**PROVIDED MATERIAL**
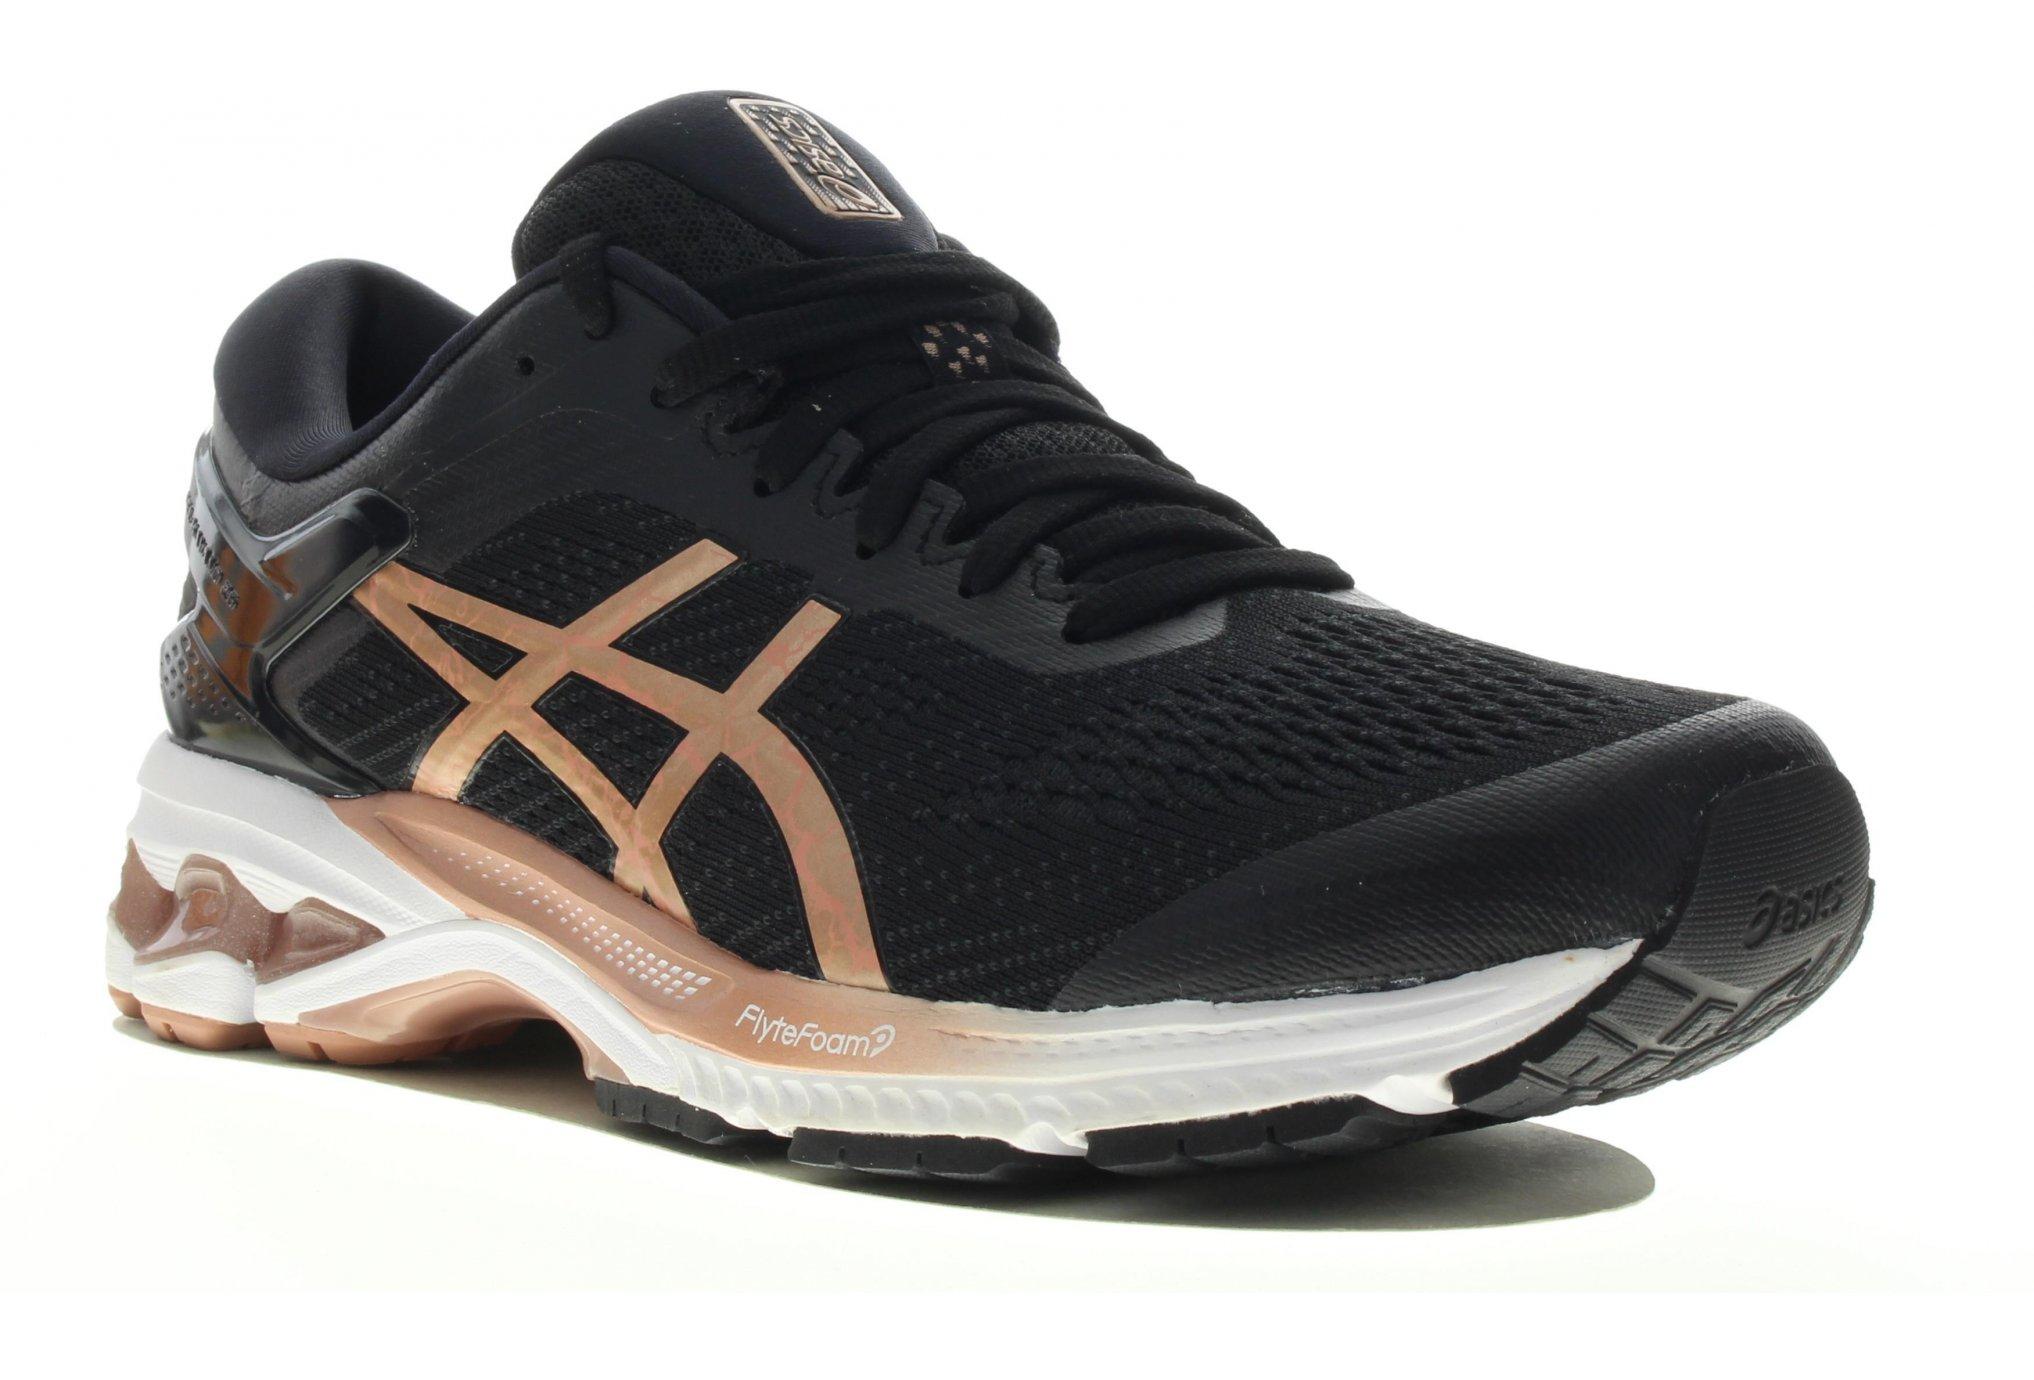 Asics Gel Kayano 26 Cascade Pack Chaussures running femme
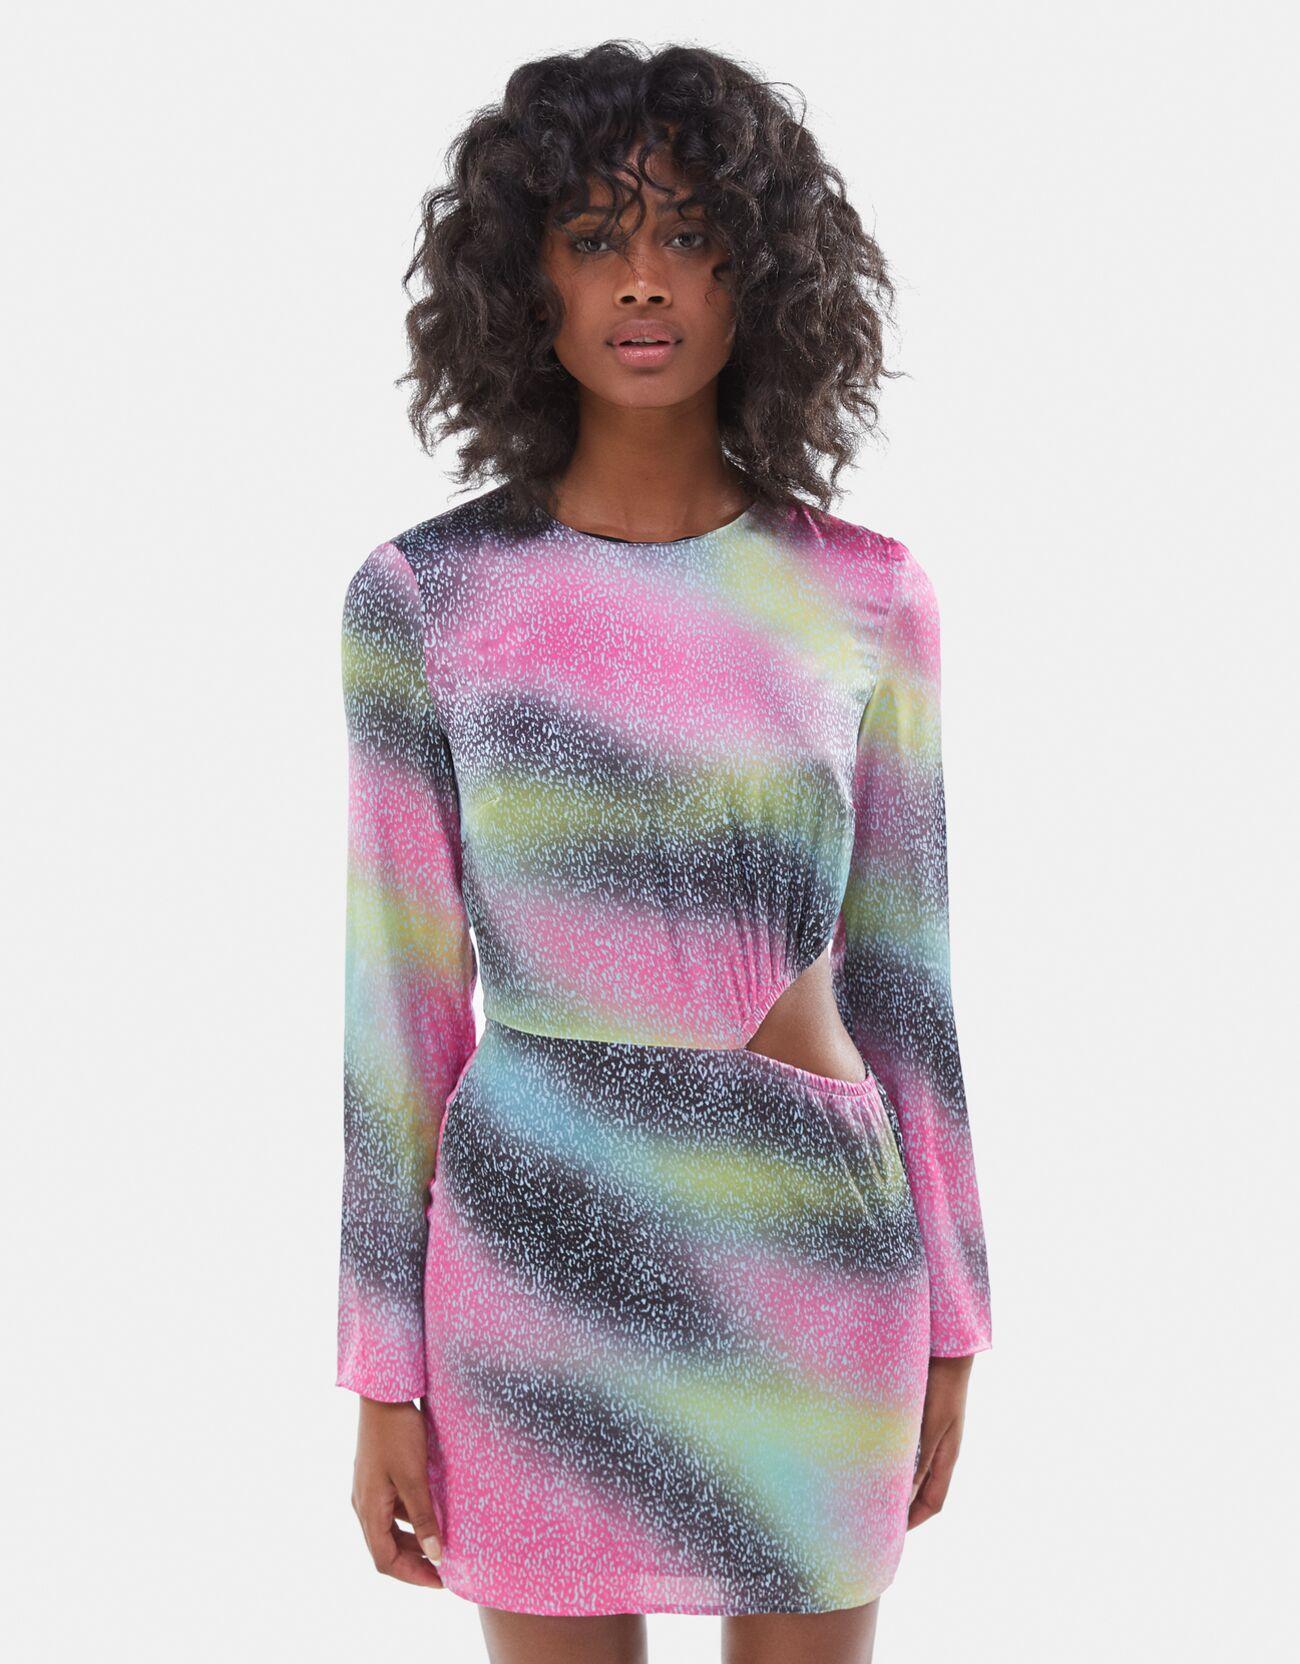 bershka -  Kleid In Satinoptik Mit Print Und Cut-Outs Damen Xs Fuchsia
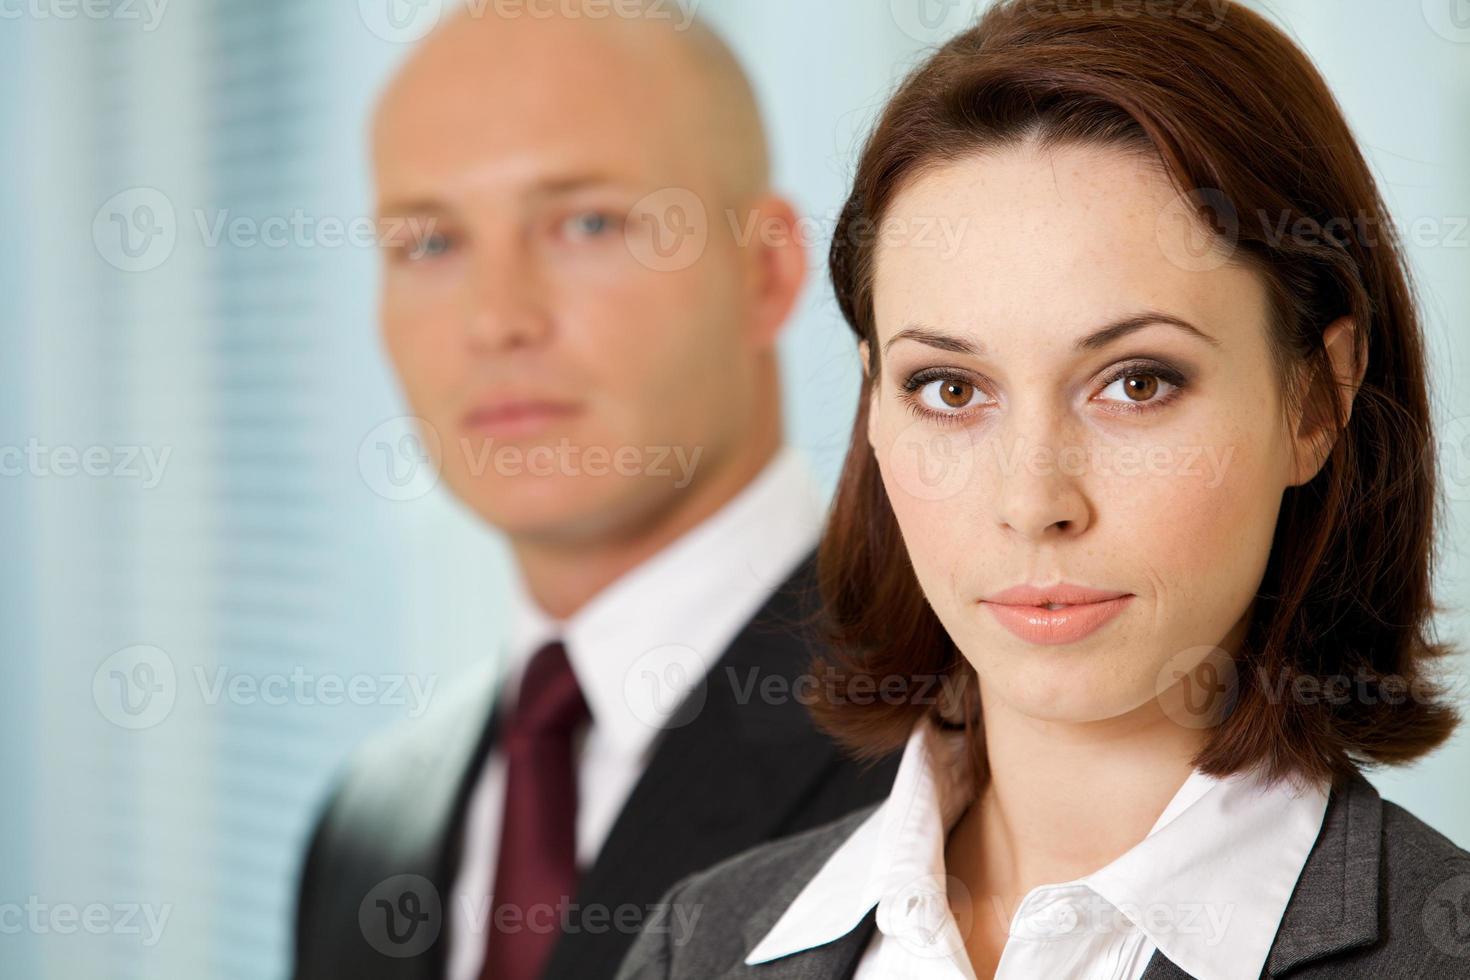 porträtt av den unga kaukasiska affärsmannen och affärskvinnan in off foto

**PROBLEM TO SOLVE**
Using the listing above, copy every line from the line containing "Damen Xs Fuchsia" through the last one, both included, and no other lines. Pictures stay out.

**EXERCISE SOLUTION**
 bershka -  Kleid In Satinoptik Mit Print Und Cut-Outs Damen Xs Fuchsia
 porträtt av den unga kaukasiska affärsmannen och affärskvinnan in off foto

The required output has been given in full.